Every entry in the data that follows should come back exactly, pictures aside.

- **Given information**

□ □ □ □ □ □ □

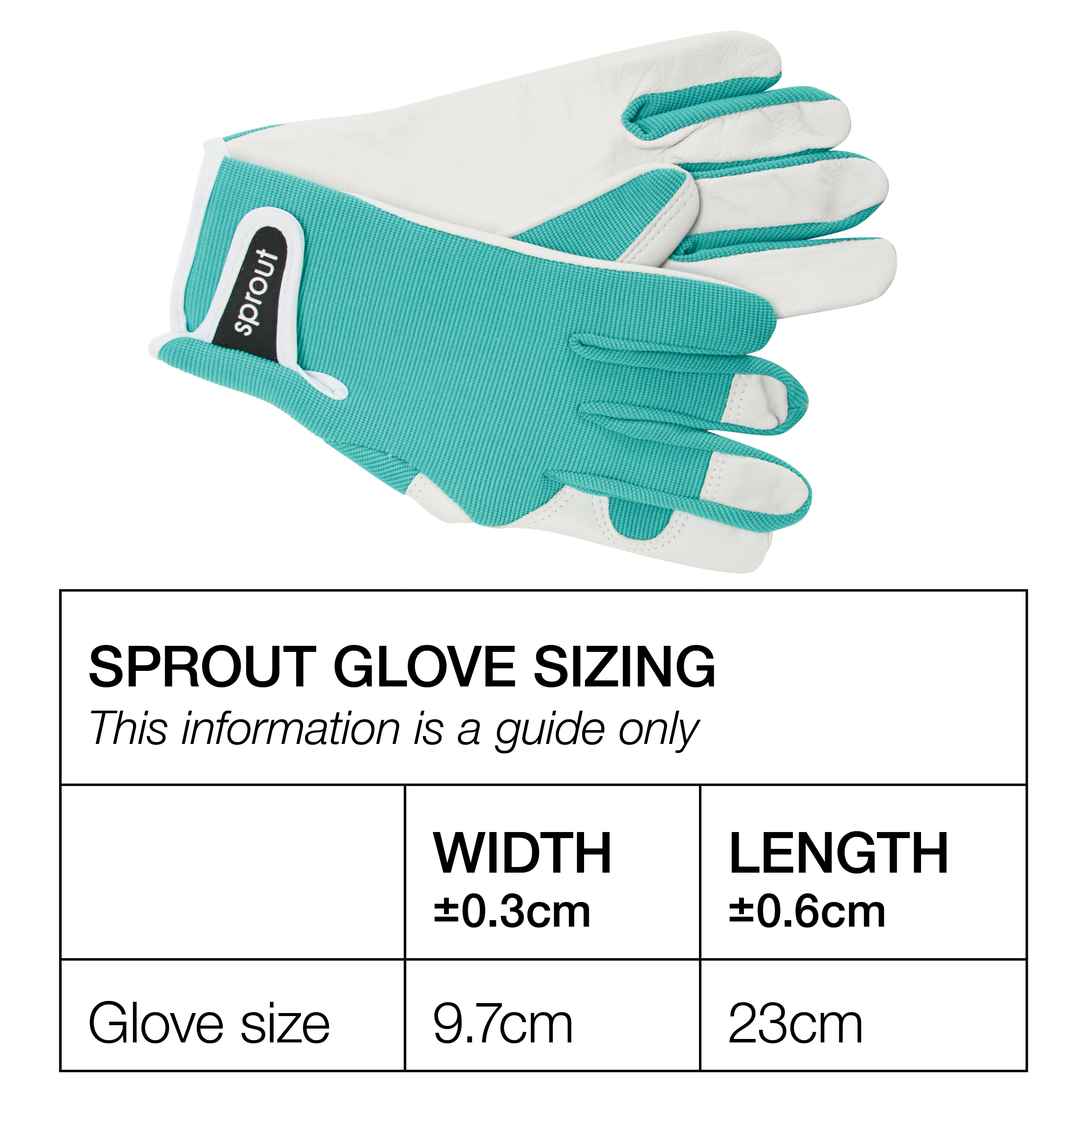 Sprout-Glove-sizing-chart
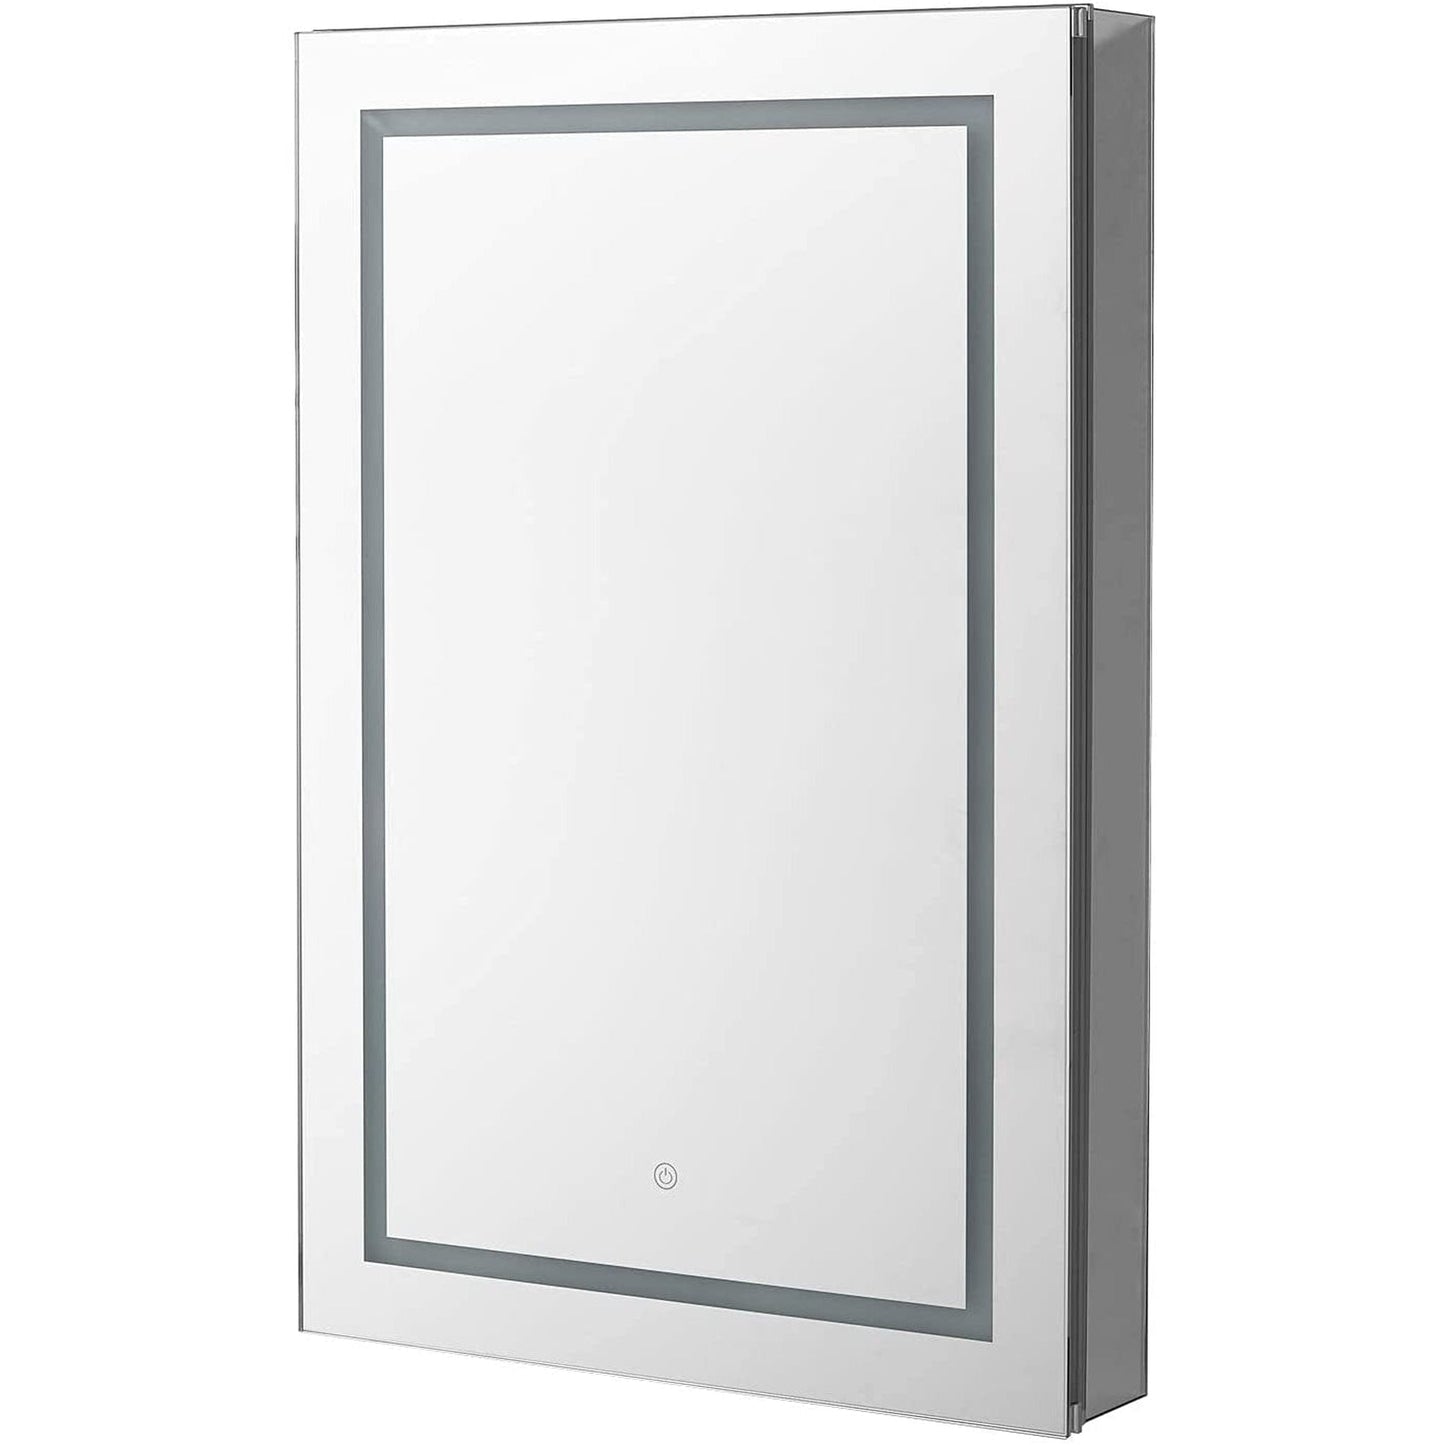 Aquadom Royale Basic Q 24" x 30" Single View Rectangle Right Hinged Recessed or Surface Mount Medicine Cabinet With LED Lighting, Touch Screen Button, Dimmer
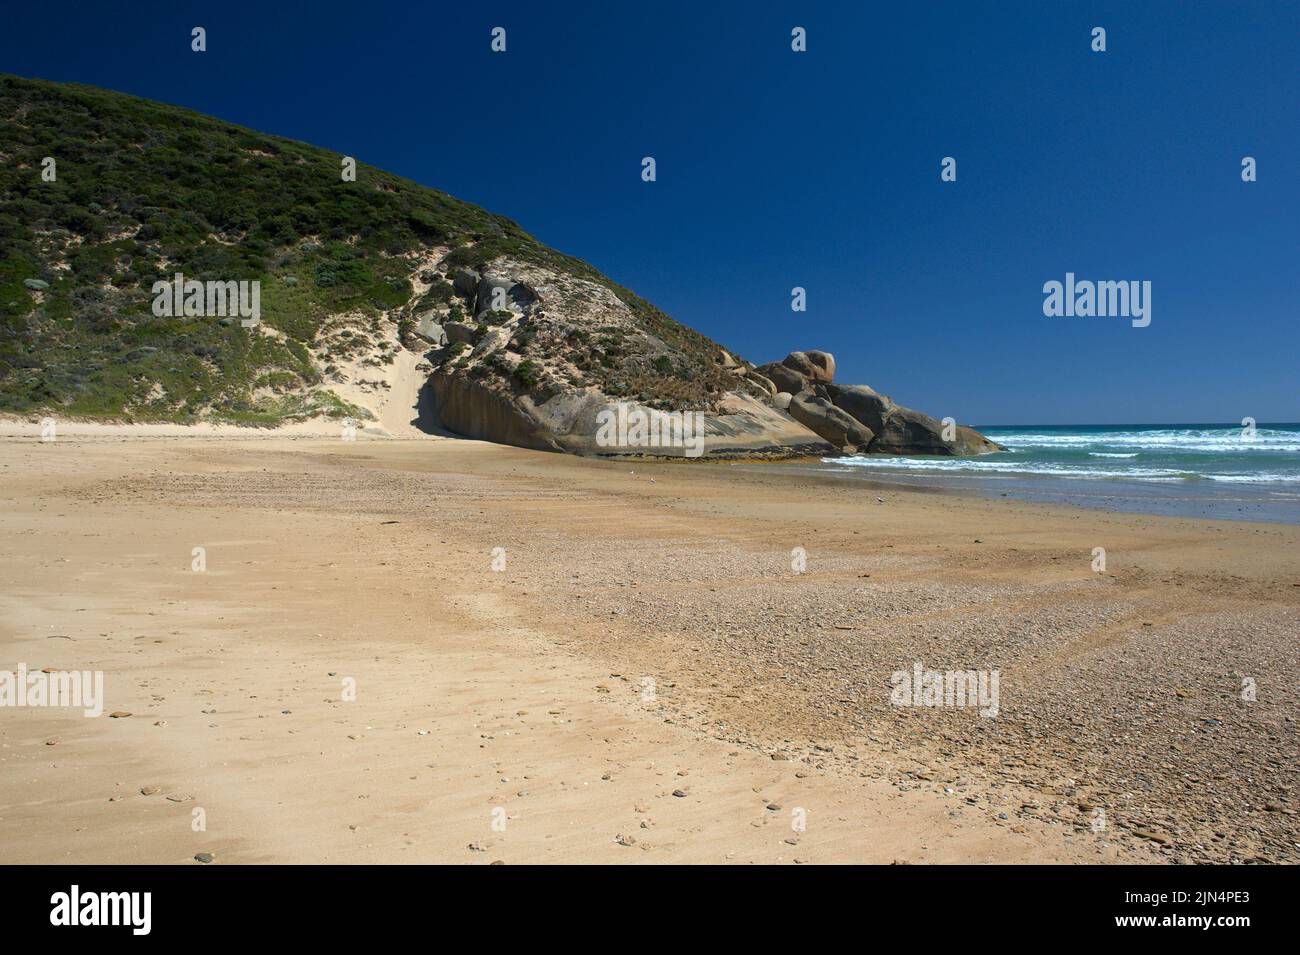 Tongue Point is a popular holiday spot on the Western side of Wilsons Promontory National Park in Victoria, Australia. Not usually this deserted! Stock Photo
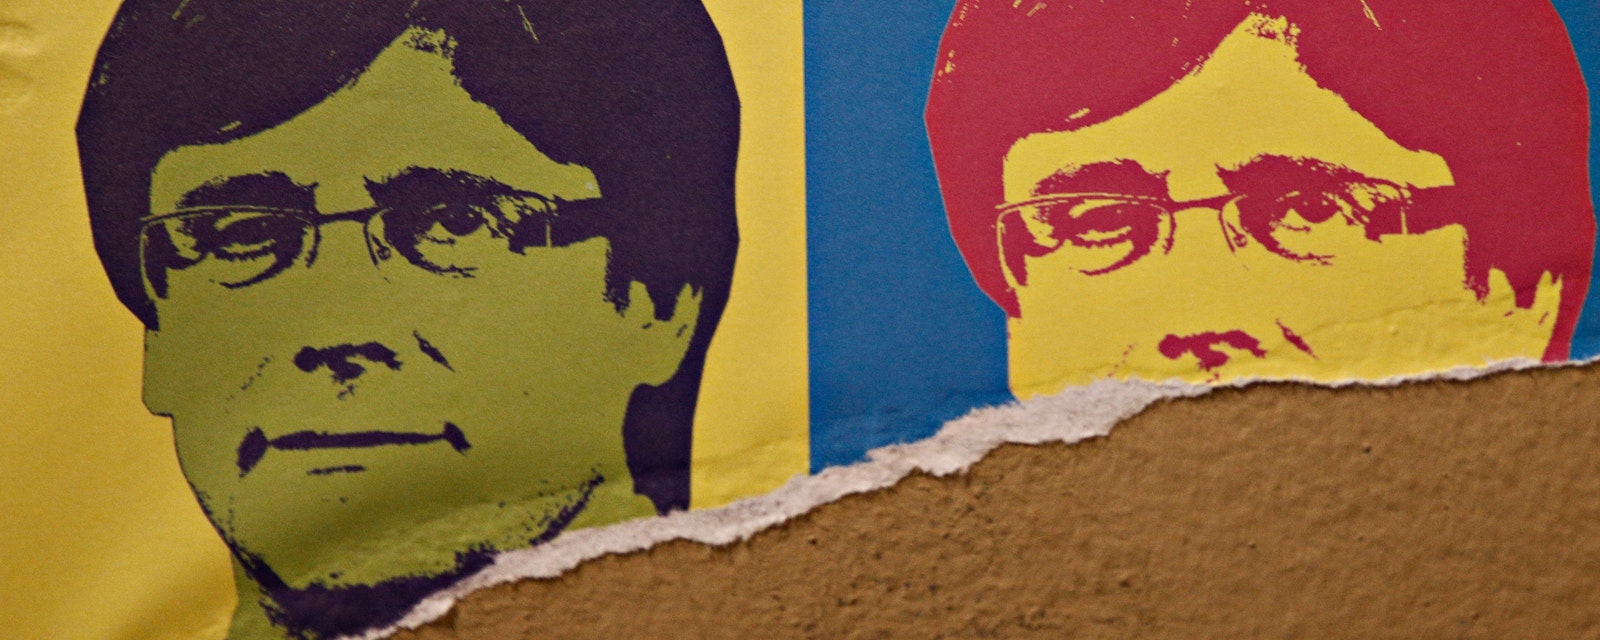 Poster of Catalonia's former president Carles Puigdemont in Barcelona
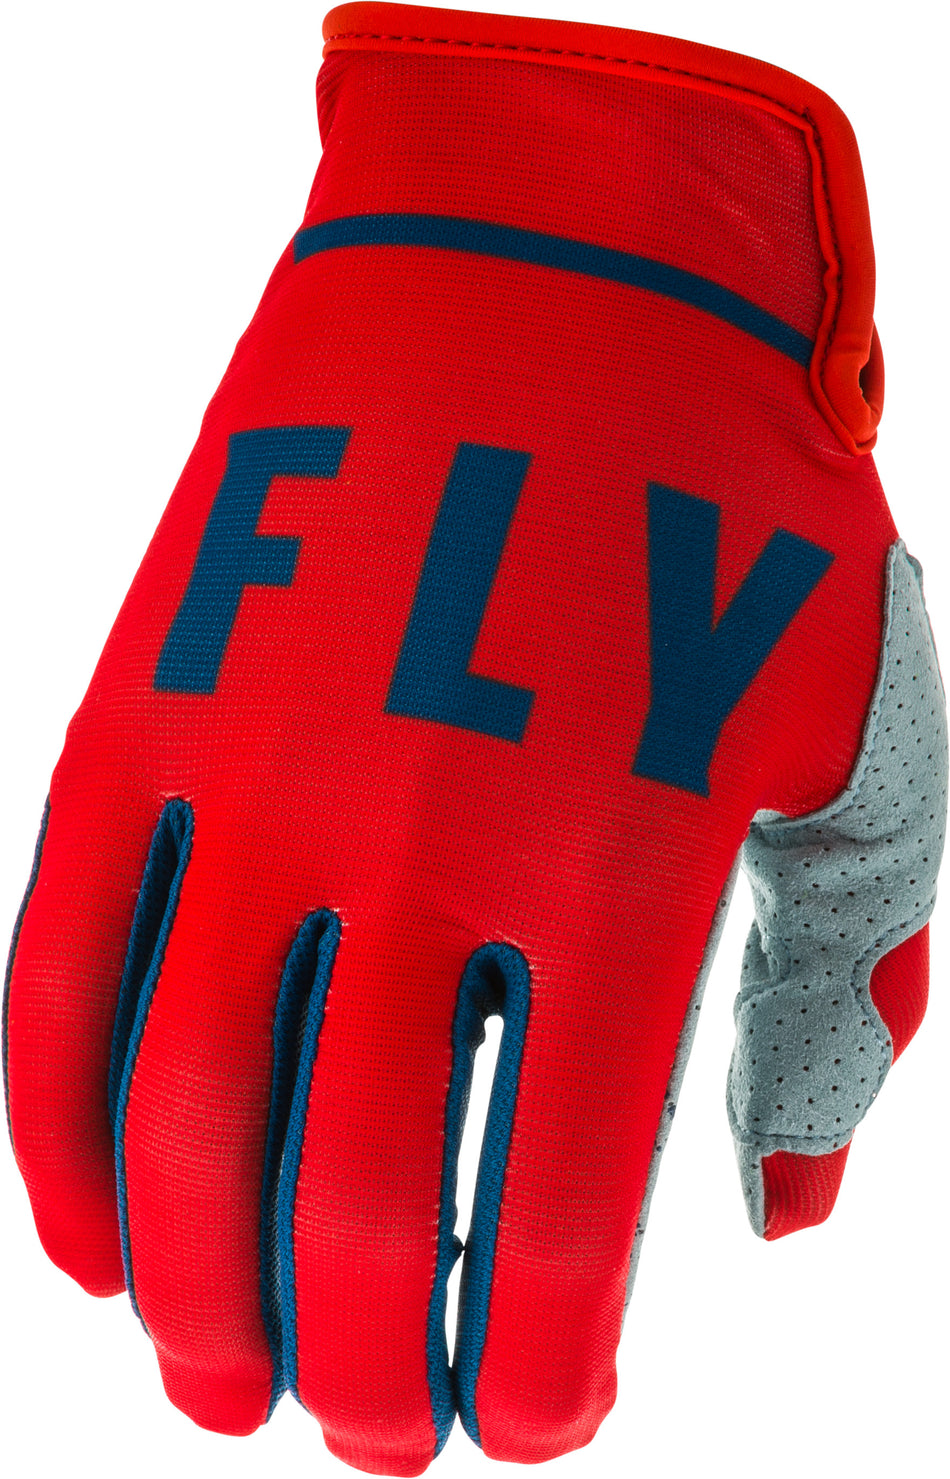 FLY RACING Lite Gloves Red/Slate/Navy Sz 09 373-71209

□ □ □ □ □ □ □

- **Worked solution**
 Sprout-Glove-sizing-chart
 Aquadom Royale Basic Q 24" x 30" Single View Rectangle Right Hinged Recessed or Surface Mount Medicine Cabinet With LED Lighting, Touch Screen Button, Dimmer
 Tongue Point is a popular holiday spot on the Western side of Wilsons Promontory National Park in Victoria, Australia. Not usually this deserted! Stock Photo
 Poster of Catalonia's former president Carles Puigdemont in Barcelona
 FLY RACING Lite Gloves Red/Slate/Navy Sz 09 373-71209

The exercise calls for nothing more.